How do you feel when you are part of a group? People listening to your stories, laughing at your jokes…it’s fun, right? Every now and then at the Stone House, the children come together naturally as a group. Well, to be honest , sometimes they just cluster as a group in the same space and take each others toys and get in the way of one another. But there are other magical times when somebody starts a game, and then one by one, they all join in…there’s laughing, sharing, and you could just tell they’re all feeling good about being part of this group at this moment.
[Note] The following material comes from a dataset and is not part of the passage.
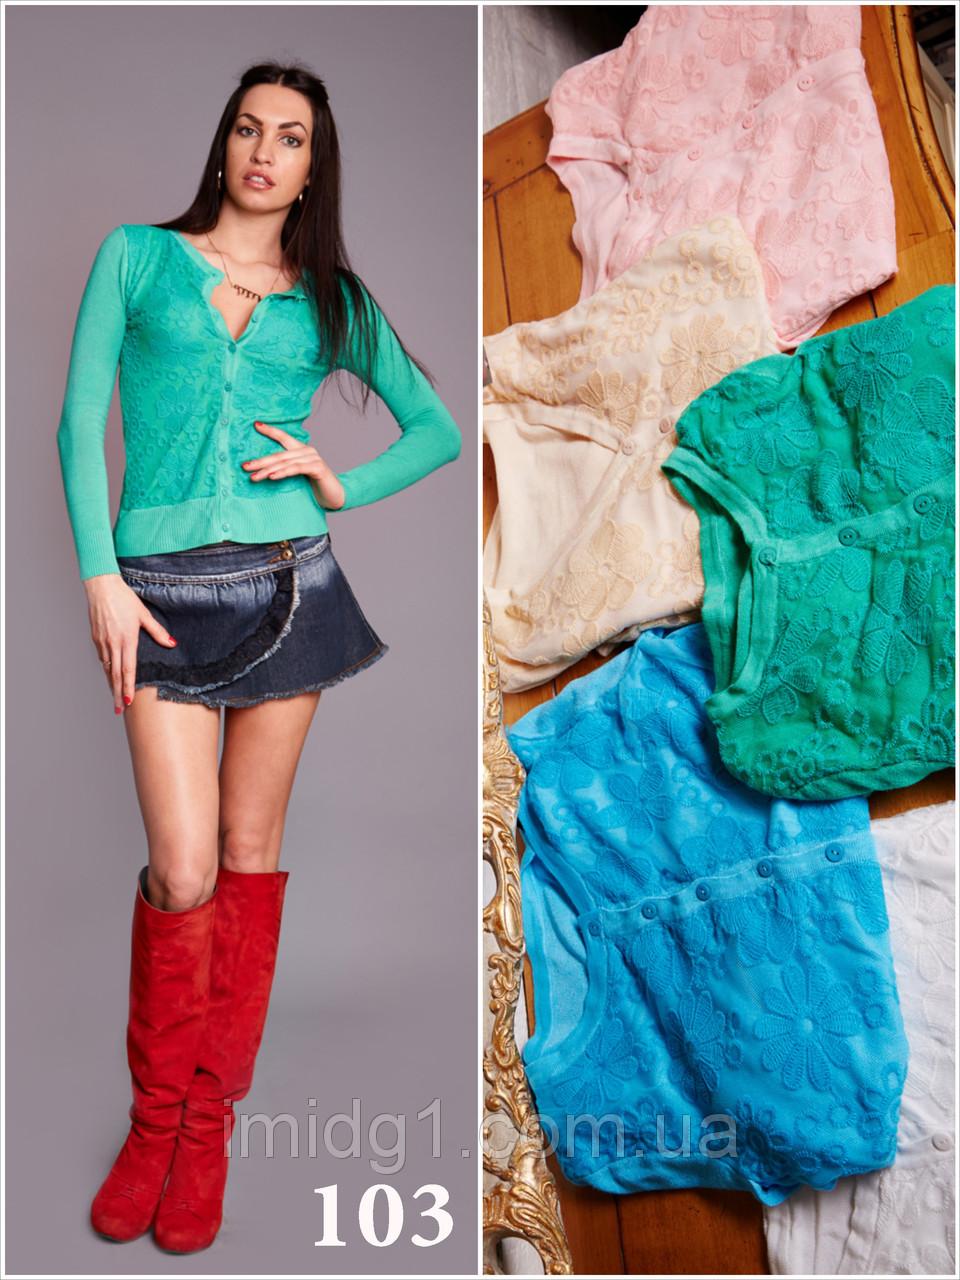 0eaa053fa2f Красивые летние кофты 2014 - Фотогалерея стильной одежды - Купити ...
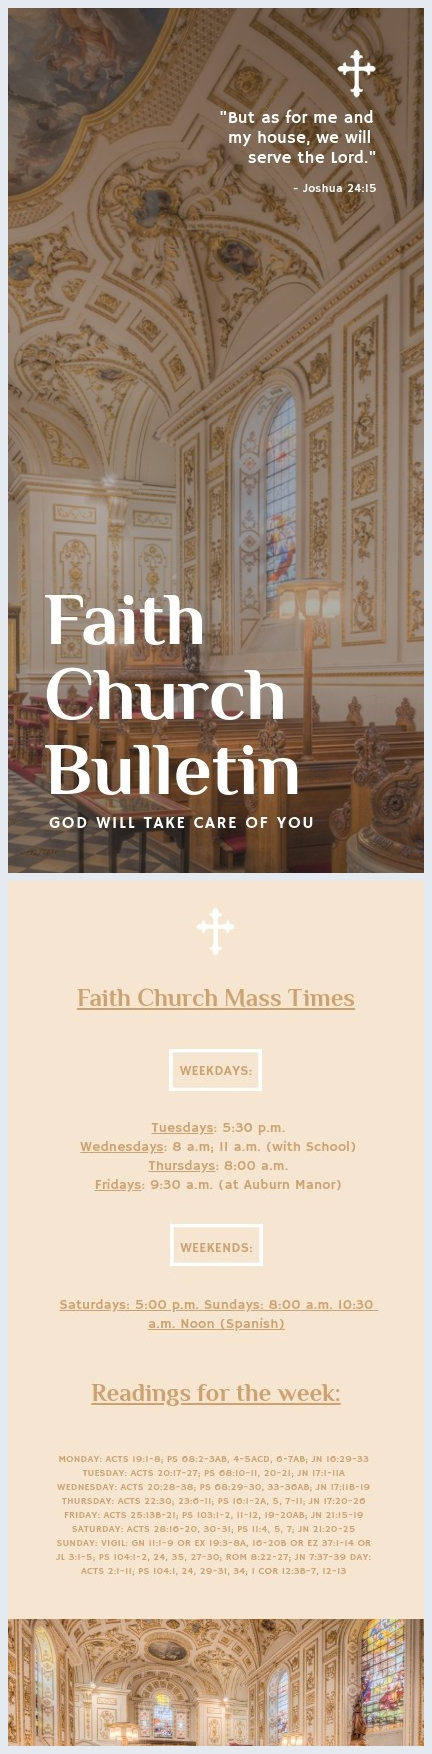 Kerk Bulletin Sjabloon

When I stopped in at the west center one afternoon, the children gathered themselves for a picture. They first arranged themselves in a standing pose, and then in a “hug” pose. Last week, when I was leading circle time, instead of following me in a circle formation, the children formed a conga line behind me. My thoughts about this is that the group seems so cohesive, there’s something special going on here…In a LifeWays program, children have different experiences than that of an academic program. In a LifeWays program, children are able to test their limits and express themselves—through verbal discussion or through play. For most of the day, they are able to move about in their entire environment as they choose. The children are not simply task masters, following instructions given by the teacher. And they are not limited to using the space around them such as sitting at a desk or on a mat. Because they are able to be so expressive with their bodies and minds, their experience as an individual being part of a larger group becomes very profound. Their individuality is highly regarded, valued, and appreciated. And the group as a whole functions with this same creativity and uniqueness. I am not so sure this depth would be present in a group in a traditional program.
These are their life lessons… I told a joke today and people laughed, I started a running game and everyone joined in. Parents are sometimes concerned with what their child are not getting (such as conceptualized material) but what are they getting? We cannot underestimate the value of the social experience.
Here, the mission of WECAN (Waldorf Early Childhood Association of North America):
“To nurture a new cultural impulse for the work
with the young child from pre-birth to age
seven, based on an understanding of the healthy
development of the child in body, soul, and spirit,
and on a commitment to protect and nurture child
as a foundation for a truly human culture.”